DATA SHOWN Start Marker

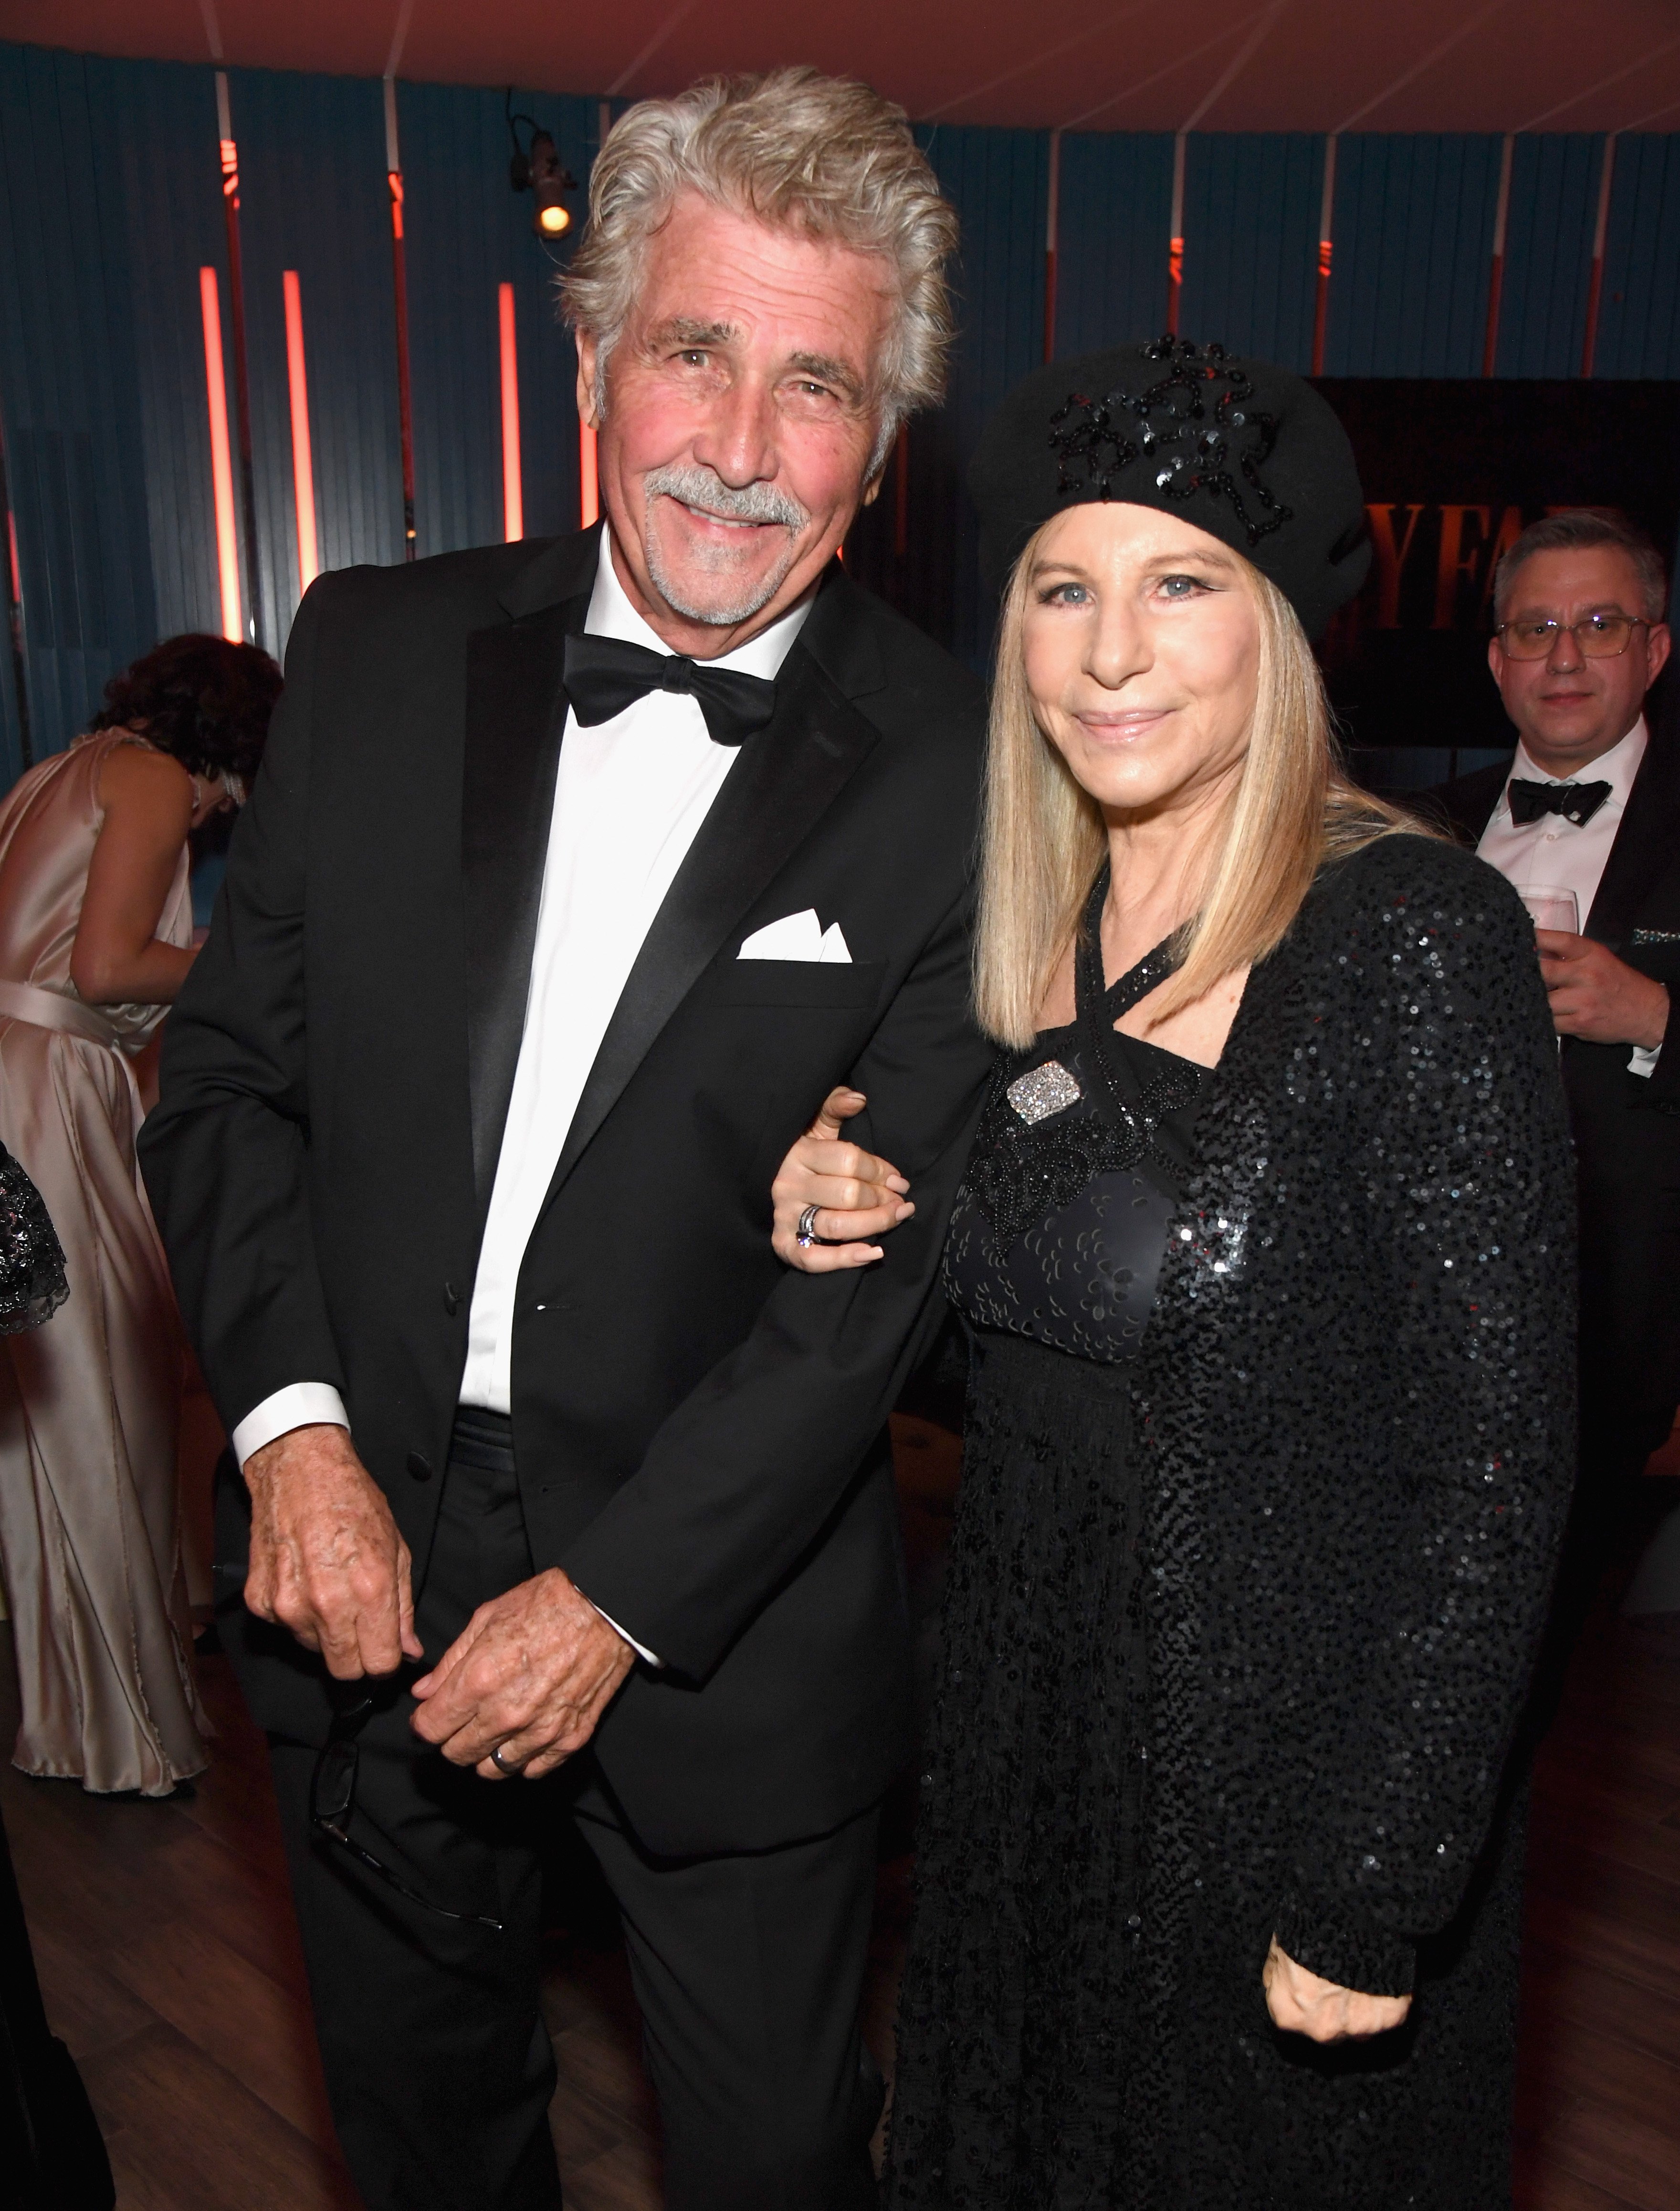 Barbara Streisand and James Brolin in California in 2019. | Source: Getty Images
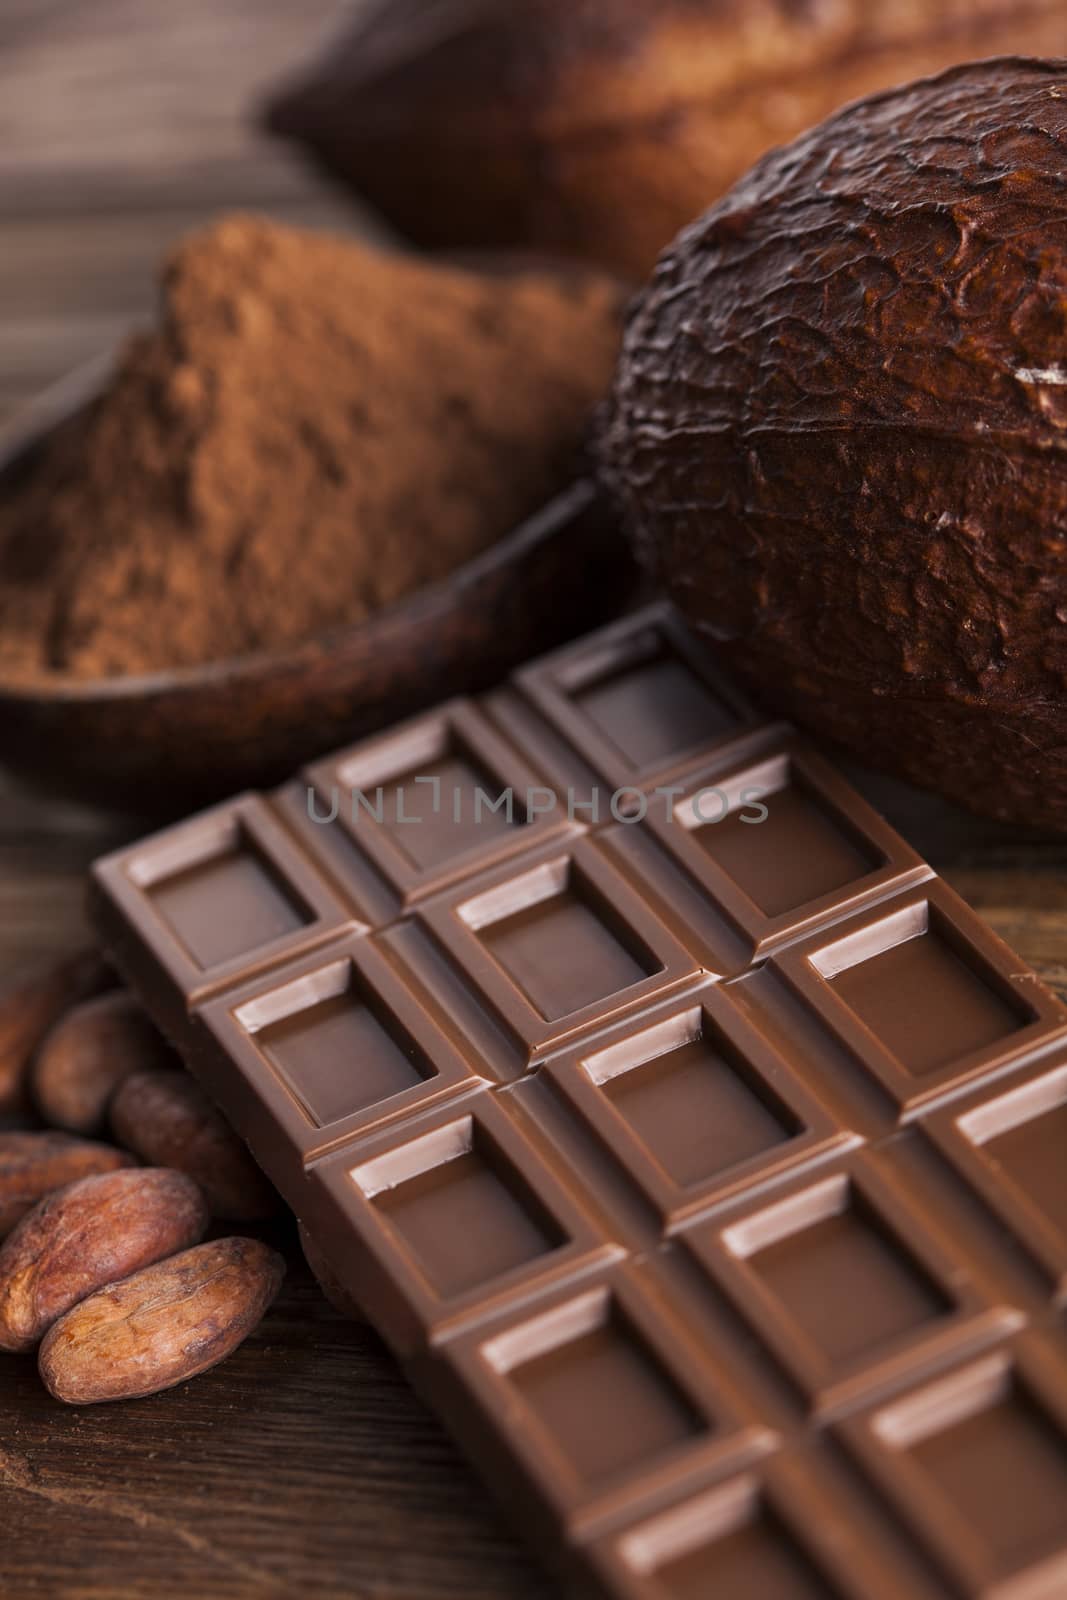 Cocoa pod and chocolate bar and food dessert background by JanPietruszka
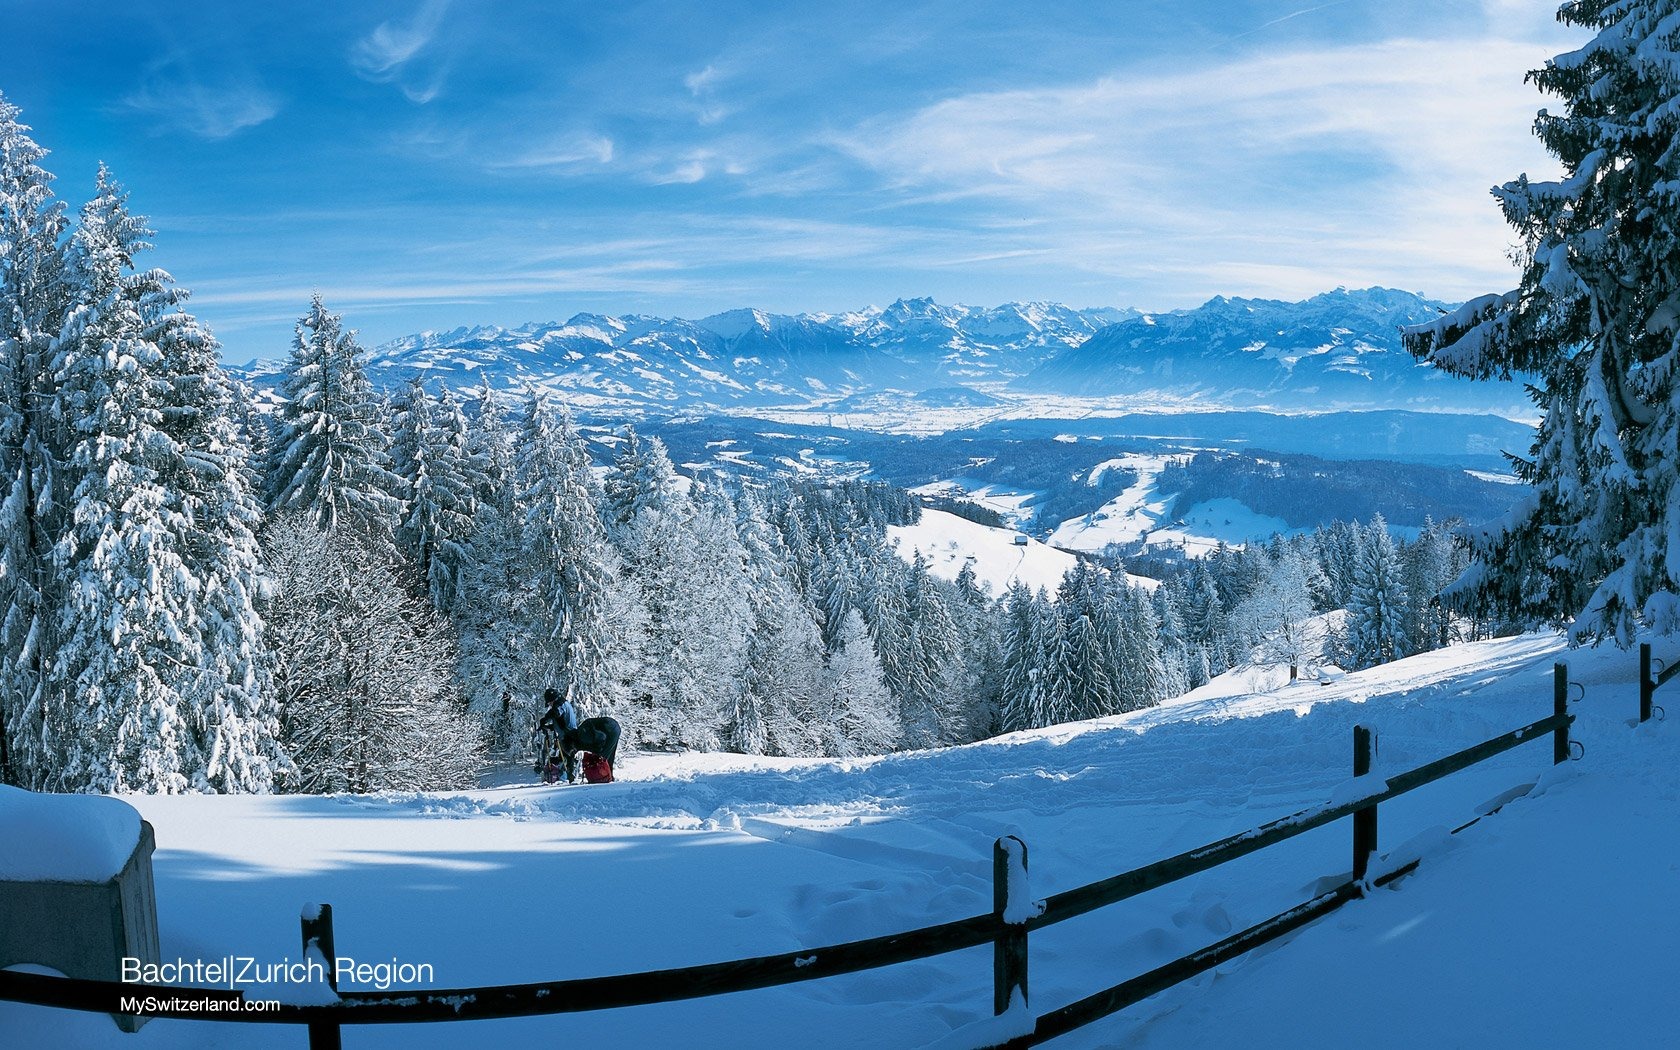 Snow Covered Landscape At Bachtel Switzerland Skiing Holidays

DATA SHOWN End Marker

• **WORK REQUIRED**: Before copying the data, remove the pictures. Then repeat the rest exactly.

• **ANSWER FOR THE TASK**:
 Barbara Streisand and James Brolin in California in 2019. | Source: Getty Images
 Cocoa pod and chocolate bar and food dessert background by JanPietruszka
 Snow Covered Landscape At Bachtel Switzerland Skiing Holidays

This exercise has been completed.